Parallèlement, des scientifiques et des écrivains découvrent les propriétés des hallucinogènes (L.S.D., mescaline). Ils observent que ces substances peuvent radicalement modifier la perception du monde des consommateurs et découvrent que les hallucinogènes renferment des molécules dont le profil est similaire aux substances sécrétées par le cerveau humain. Ce qui indique que leur fonctionnement repose davantage sur les modifications des échanges chimiques du cerveau que sur la superstition ou l’autosuggestion.

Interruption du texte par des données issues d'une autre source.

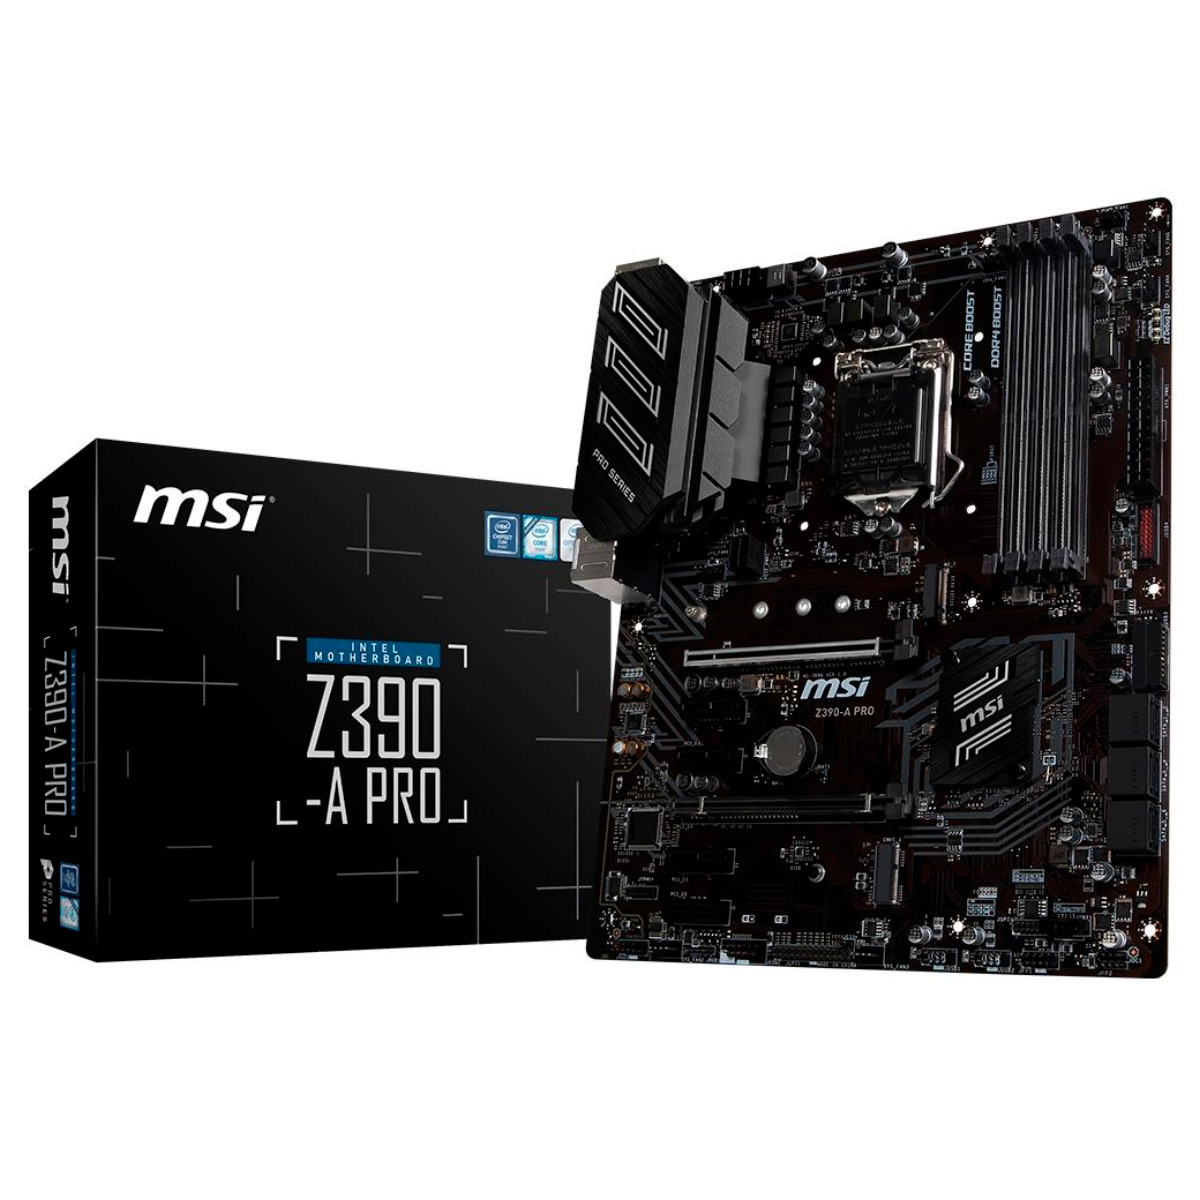 MSI Z390-A PRO (LGA 1151 - DDR4 4400 O.C) - Chipset Intel Z390 - 8ª e 9ª Geração - USB 3.1 Tipo C - Slot M.2 - ATX

L’absorption de plantes hallucinogènes permettent des expériences analogues à celles décrites par les chamanes.

Gordon Wasson écrit un rapport (Life Magazine 1957) sur la consommation de champignons psilocybes avec la chamane mazatèque Maria Sabina au Mexique.

Années 60, la consommation d’hallucinogènes se répand parmi des jeunes de nombreux pays.

Arrive Carlos Castaneda, étudiant en anthropologie, qui prétend avoir étudié avec un indien Yaqui en Arizona et au Mexique. Il décrit un monde étrange mais cohérent, qu’il qualifie de réalité séparée, explorée sous l’influence de plantes hallucinogènes. Voir "L’herbe du diable et la petite fumée” et suivants.

Il n’appelait pas son maître chamane mais sorcier (sortiarus = devin en latin alors qu’en français sorcier = personne qu’on croit en relation avec le diable et qui peut opérer des maléfices). Il ne le décrit pas comme un guérisseur mais comme un homme de savoir intéressé par le pouvoir. Ses lecteurs pensent pouvoir être eux aussi des apprentis sorciers et faire l’expérience directe du chamanisme.

Doutes quant à l’authenticité de ses récits. Mais l’intérêt pour le chamanisme est né, et les études se multiplient. Les chamanes commencent à écrire leurs récits.

Au cours des dernières années, les anthropologues regardent le chamanisme comme un “ensemble de techniques de connaissance”.

Pendant que les scientifiques tirent partie des connaissances des chamanes concernant les vertus thérapeutiques des plantes pour fabriquer de nouveaux produits pharmaceutiques, les chercheurs ont encore à étudier l’efficacité du traitement proposé par les chamanes ainsi que la façon dont ceux-ci appréhendent la nature et le monde. Si les chamanes apparaissent comme les pionniers de l‘exploration de la conscience humaine, leur système d’analyse, lui, n’a presque pas été étudié à ce jour.

Les chamanes seraient des médecins de l’esprit.

Un dialogue entre ces deux visions du monde pourrait un jour se réaliser.

Le chamanisme est une autologie ou étude de soi, alors que la science consiste en une hétérologie ou étude de l’autre.

Le chamanisme n’est pas qu’une manière d’exploiter le pouvoir de l’imagerie mentale, il touche à la connaissance, à la guérison, au pouvoir. Il est ambigu par nature.

Michael Brown : “Le chamanisme affirme la vie, mais il sème aussi la violence et la mort”.

Les chamanes ont toujours été les spécialistes du voyage entre les mondes.

Le chamanisme perdure, adoptant la tactique du caméléon.

Un champ de force continue à séparer observateurs et chamanes, qui implique un conflit de croyances concernant la nature fondamentale de la réalité.

De nombreux observateurs sont des matérialistes philosophiques. Ils croient que tout ce qui existe est fait de matière physique ou dépend de la matière pour exister. Les chamanes croient aux esprits.

Le cœur du chamanisme reste un mystère.

Chamanisme

“Ceux qui ne s’attendent pas à l’inattendu ne le trouveront pas, car il est inexploré et dénué de piste.” Héraclite.